Description
Assignment overview. This assignment is designed to show some examples of Bayesian Networks and generative models. This assignment requires you to apply a Gaussian mixture model to the Iris dataset with the Expectation Maximization (EM) algorithm. The second question is an example to apply a probabilistic modeling package called Lea for discrete probabilistic modeling. Grad students are also required to implement a naïve Bayes classifier. As usual, please provide your answers in form of a Jupyter Notebook.
Questions:
- [30 marks] This Assignment requires you to write a Python program that loads the Iris dataset from the first assignment and apply EM with a Gaussian mixture model on the IRIS data. You are not allowed to use any Python library for the EM algorithm itsef, but you are of course allowed to use other helper functions. You might compare the results of your program with sklearn models, but the whole exercise is to write the algorithm yourself.
- [30 marks, 15 marks for Grads] Write a program to implement EM with a Gaussian mixture model on the Iris dataset for k=3 and plot the Sepal data points with a color coding based on the obtained clusters. More specifically, you can plot the data points with color where the RGB colour values correspond to the probability estimates of a data point belonging to each class.
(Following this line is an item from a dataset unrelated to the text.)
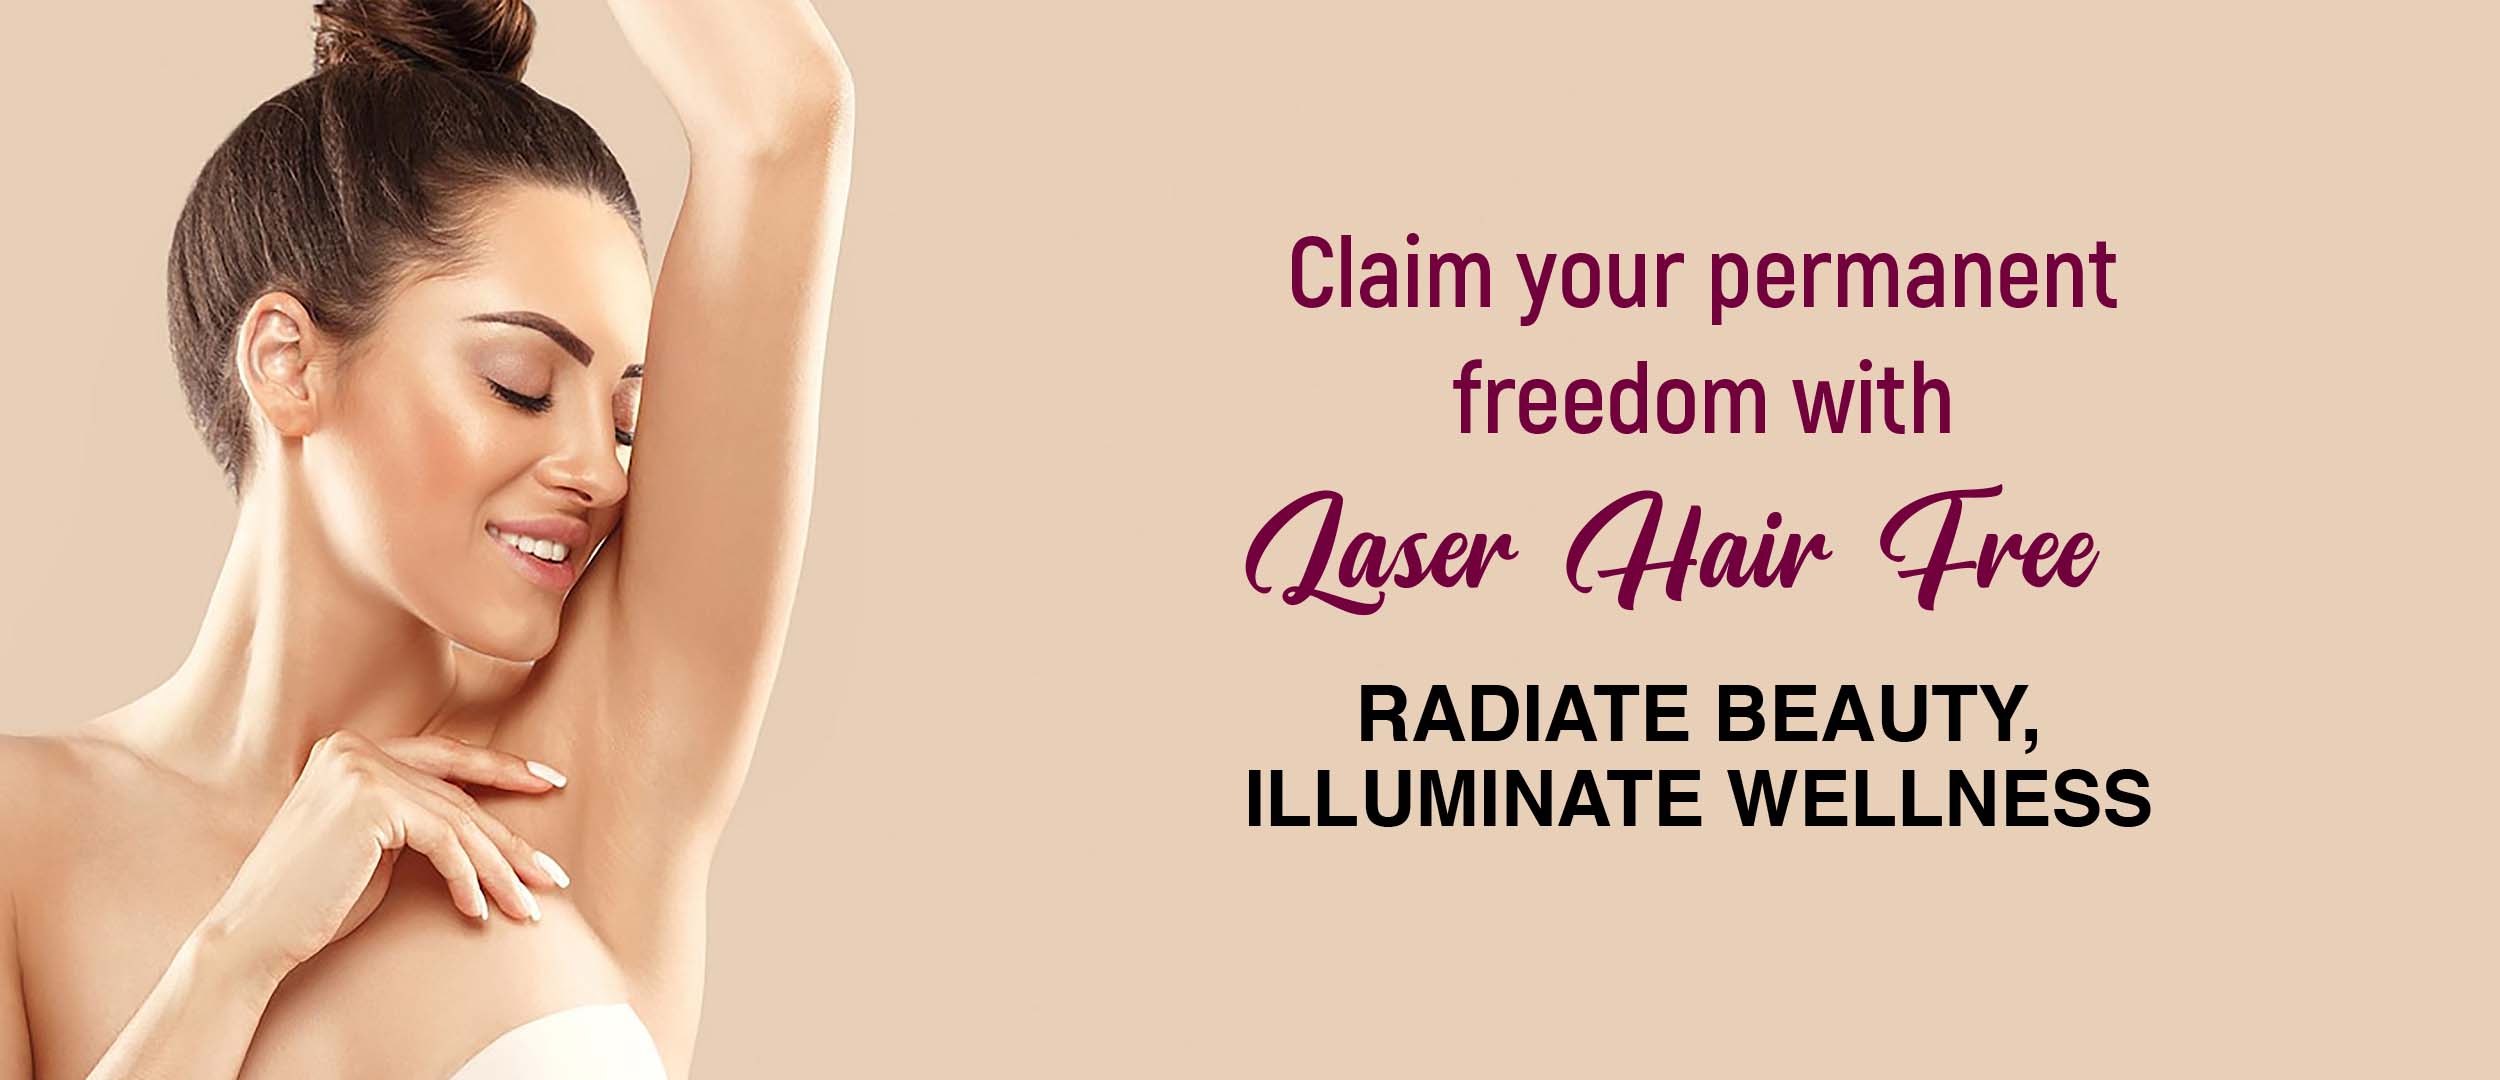 Laser Hair Reduction at meadows wellness

Hint: You can use linalg.pinv to find the inverse of a matrix. Also, numpy.copy can be used to temporary save a vector. - Graduate students only [15 marks] Evaluate the prediction quality with different number of assumed classes (k=2,3,4). Explain briefly your evaluation method and discuss your finding.
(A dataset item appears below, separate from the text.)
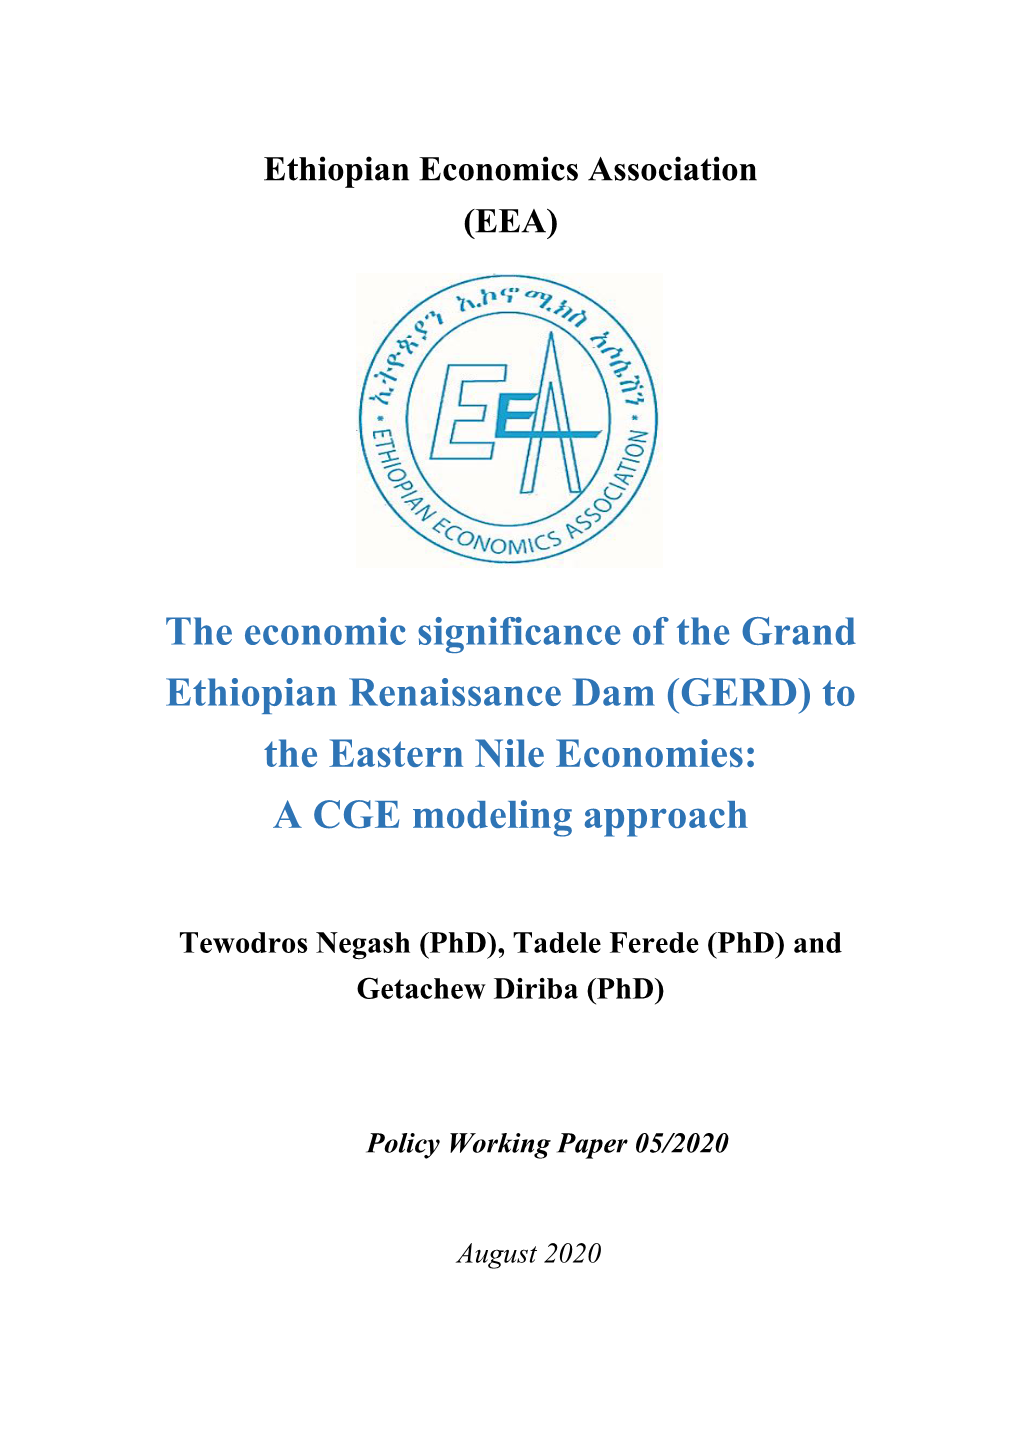 (GERD) to the Eastern Nile Economies: a CGE Modeling Approach

- [30 marks, 15 marks for Grads] Write a program to implement EM with a Gaussian mixture model on the Iris dataset for k=3 and plot the Sepal data points with a color coding based on the obtained clusters. More specifically, you can plot the data points with color where the RGB colour values correspond to the probability estimates of a data point belonging to each class.
- [20 marks, 10 marks for Grads] This Assignment requires you to write a Python script to calculate some inference of a simplified version of the car repair example from the manuscript. Given are the following probabilities:
The marginal probability that the alternator is broken is 1/1000 and the marginal probability that the fan belt is broken is 2/100. The probability that the battery is charging when either the alternator or the fan belt is broken is zero. However, even if both are working there is a 5/1000 probability that the battery is not charging. When the battery is not charging then there is a 90% chance that the battery is flat, though even if the battery is charging then there is a 10% chance that the battery is flat. Finally, the car does not start if either the battery is flat, or there is no gas, or the starter is broken. However. Even if these three conditions don’t hold there is a 5% chance that the car won’t start.- Draw the causal model of this system.
- What is the probability that the alternator is broken given that the car won’t start?
- What is the probability that the fan belt is broken given that the car won’t start?
- What is the probability that the fan belt is broken given that the car won’t start and the alternator is broken?
- What is the probability that the alternator and the fan belt is broken given that the car won’t start?
Hint: You might use Lea methods.
- Grads, only [20 marks] Naïve Bayes:
This Assignment requires you to write a Python program to test a simple binominal version of the Naïve Bayes algorithm on the 20newsgroups dataset. You need to read the data and work with sparse data in python. You should write a Naïve Bayes program on your own (not using library function) to implement the binomial version of the Naïve Bayes rule outlined in the manuscript. Please provide the results in form of a confusion matrix.